Le Professeur Luigi Condorelli (7) n’a pu que constater l’impuissance de la Commission à jouer aujourd’hui un rôle central dans la mise en oeuvre du droit international humanitaire dans la mesure où elle a été établie "sur une base consensuelle" et n’est compétente que pour les conflits armés internationaux en vertu de l’article 90 du Protocole additionnel I de 1977 (8). Il a présenté ce qu’envisage la Commission, en dehors des possibilités ouvertes par l’article 90, "pour répondre aux besoins d’aujourd’hui qui portent sur des conflits internes". La Commission s’est ainsi accordée "un droit d’initiative humanitaire" afin de proposer ses services aux parties en conflit et souhaiterait développer "la logique du multilatéralisme" en enquêtant dans les cas de violation du droit humanitaire par les organisations internationales.
Stéphane Bourgon, membre du bureau du Procureur à La Haye, a montré comment les tribunaux pénaux internationaux ad hoc pouvaient contribuer au développement du droit international humanitaire, en particulier sur le plan de la définition des différentes catégories d’infraction et sur celui de la définition des infractions et de leurs éléments constitutifs et qu’ils étaient "sur le point de créer un nouveau système juridique" dans la mesure où ils étaient amenés à définir les règles de preuve et de procédure.

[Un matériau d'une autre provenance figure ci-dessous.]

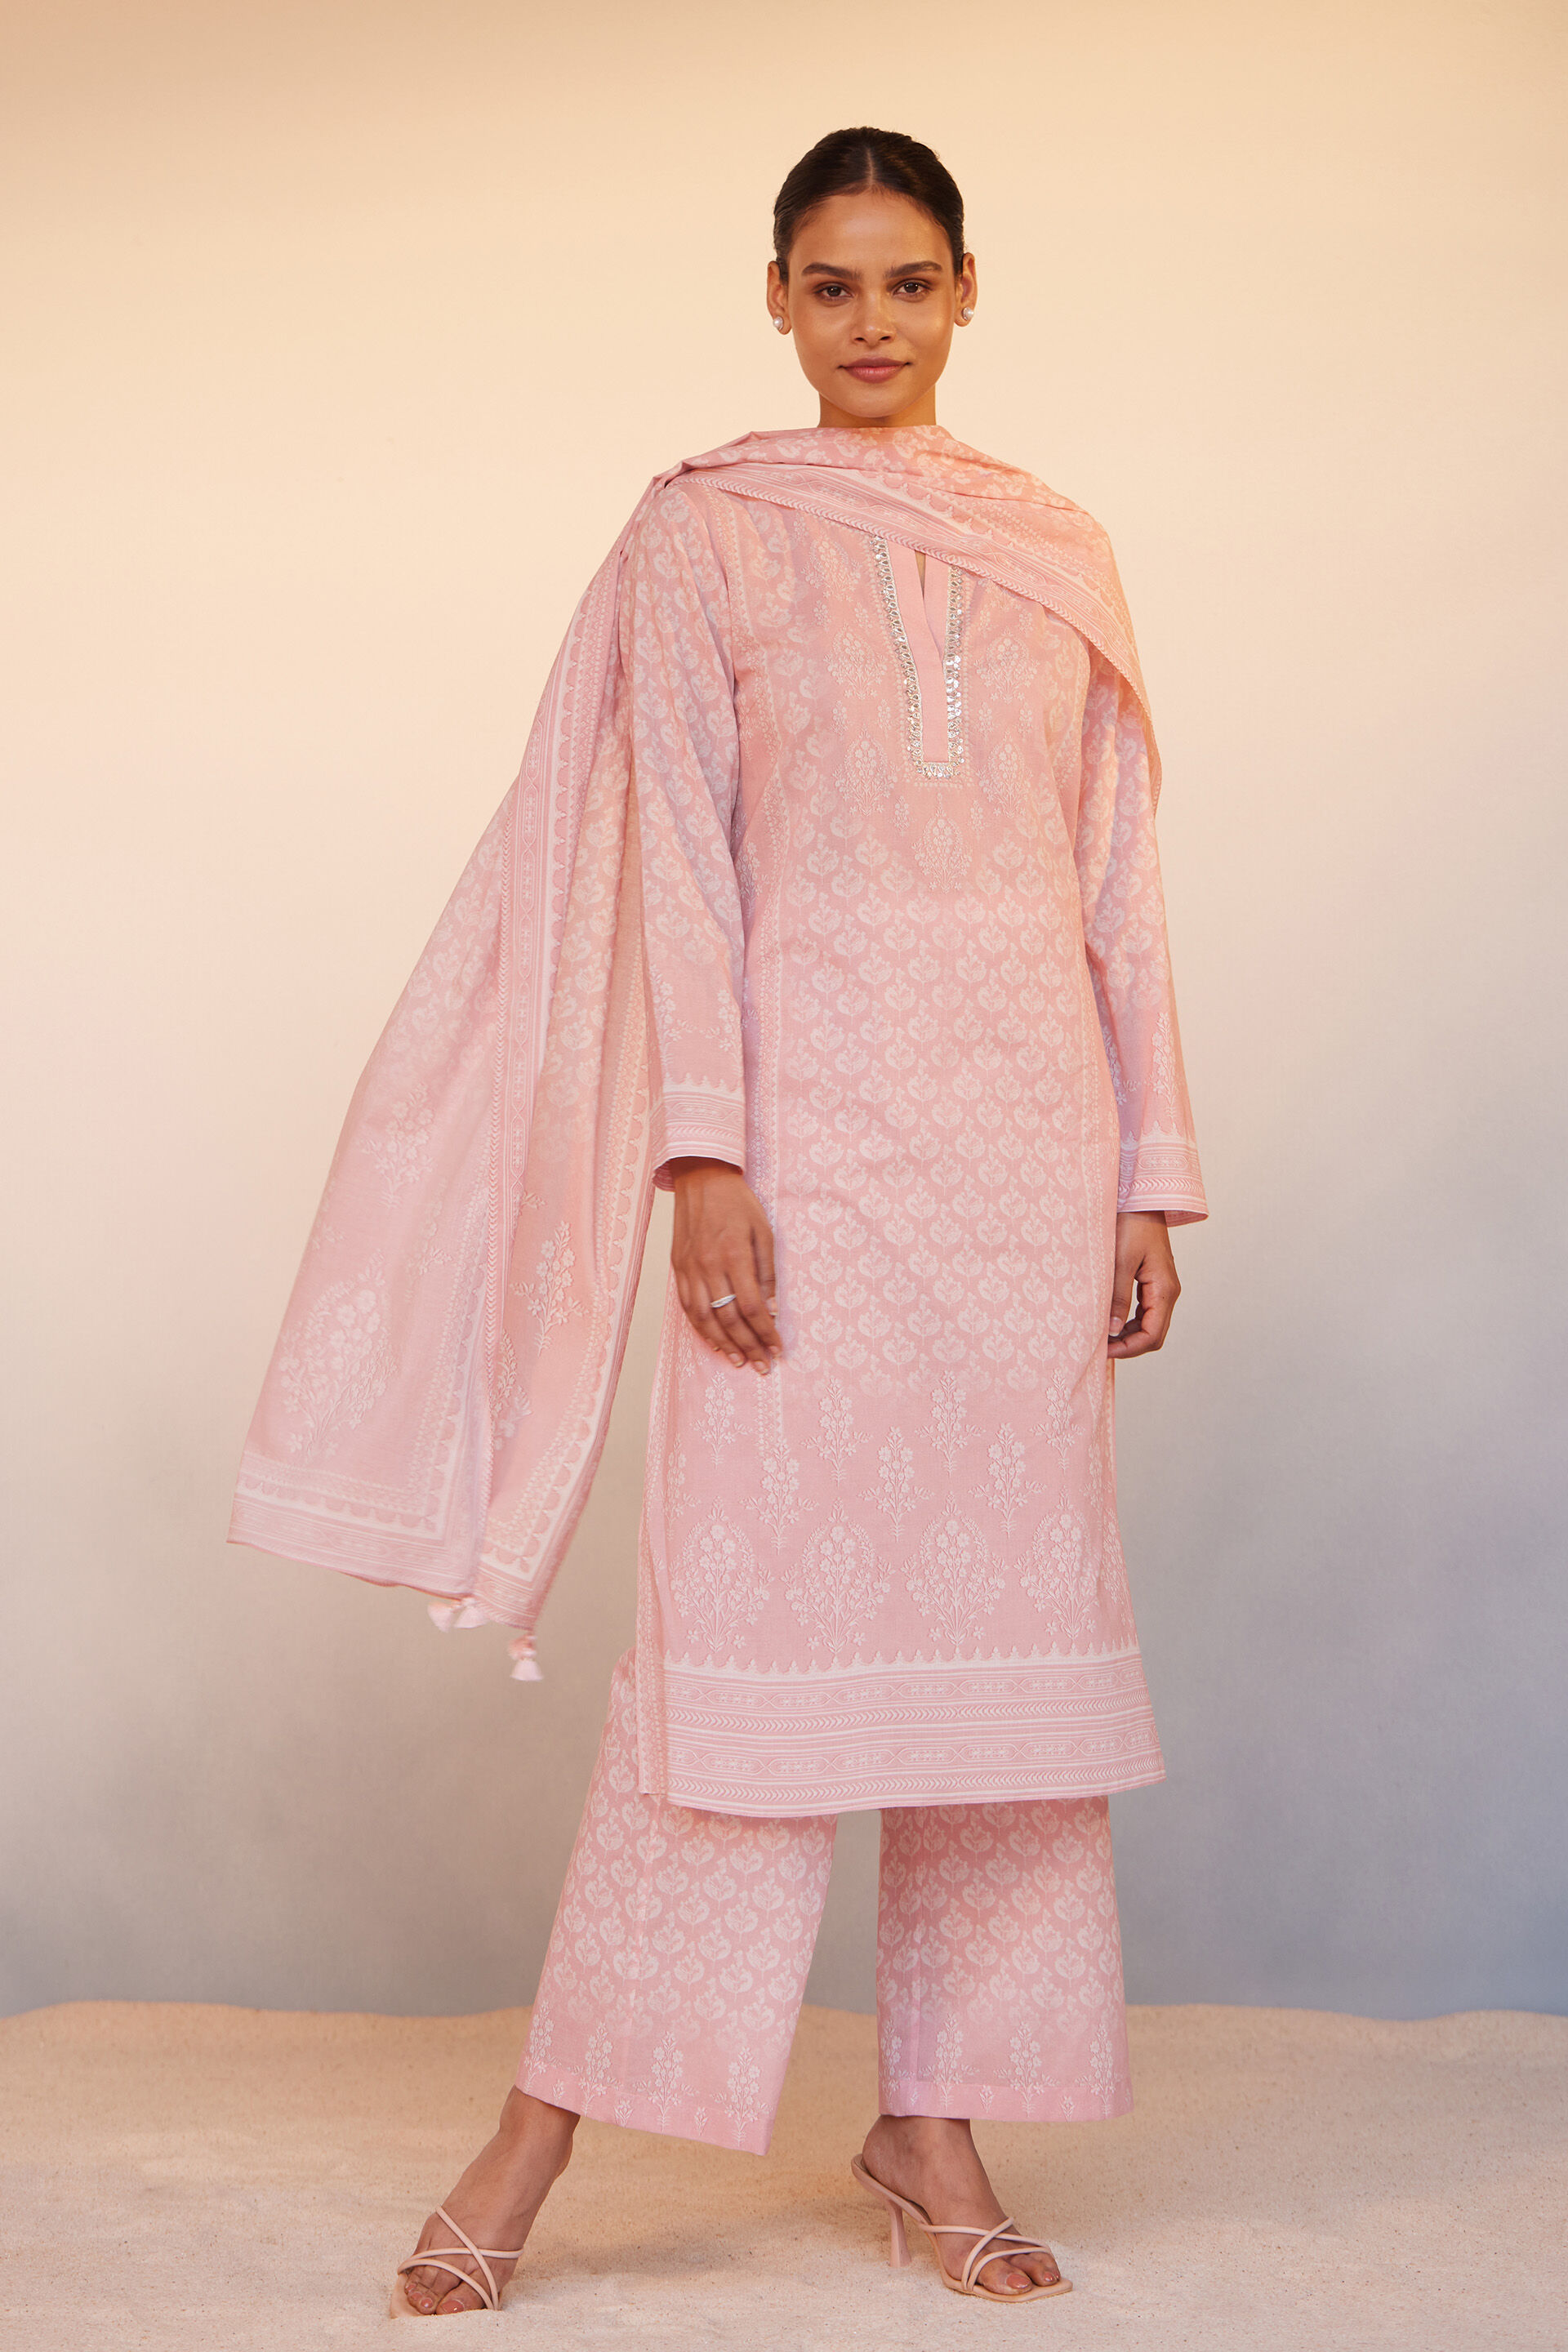 indian cotton salwar kameez simple kurta pant dupatta pakistani suit for  women | eBay

Tout en examinant la question du génocide, le Professeur Laurence Burgorgue-Larsen est revenu sur le fonctionnement et les réalisations du Tribunal d’Arusha en rappelant notamment l’obligation de coopération à la charge des Etats dans la recherche et l’arrestation des accusés et en soulignant l’importance du témoignage oral devant cette juridiction et le problème de la "précarité de la sécurité des témoins".

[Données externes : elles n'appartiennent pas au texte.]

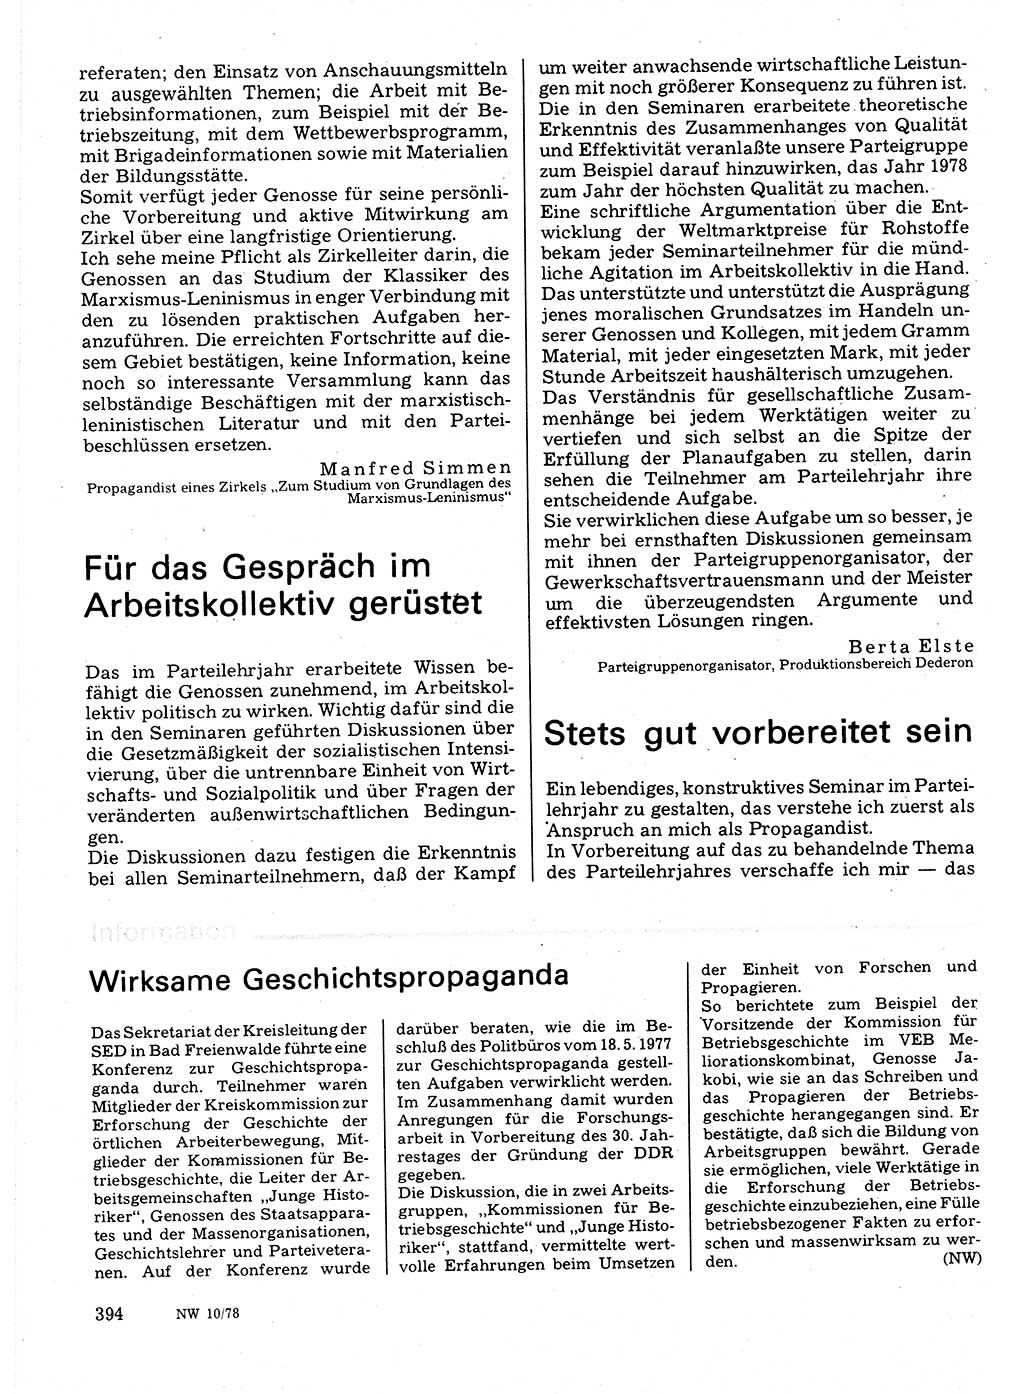 Neuer Weg (NW), Organ des Zentralkomitees (ZK) der SED (Sozialistische Einheitspartei Deutschlands) für Fragen des Parteilebens, 33. Jahrgang [Deutsche Demokratische Republik (DDR)] 1978, Seite 394 (NW ZK SED DDR 1978, S. 394)

Le Professeur Eric David a été chargé d’imaginer quel pourrait être "l’avenir de la Cour pénale internationale". Partagé entre l’optimisme et le pessimisme à son sujet, il a tout d’abord présenté les obstacles à sa mise en oeuvre effective : l’exigence des 60 ratifications pour son entrée en vigueur, les limites tenant à ses compétences, etc. Malgré tout, il a fini en insistant sur "les potentialités réelles" de la Cour, tenant notamment à la possibilité de sa saisine par le Conseil de sécurité des Nations unies qui en ferait une sorte de "tribunal en stand-by" faisant peser une "épée de Damoclès" sur les Etats qui refuseront de ratifier son statut.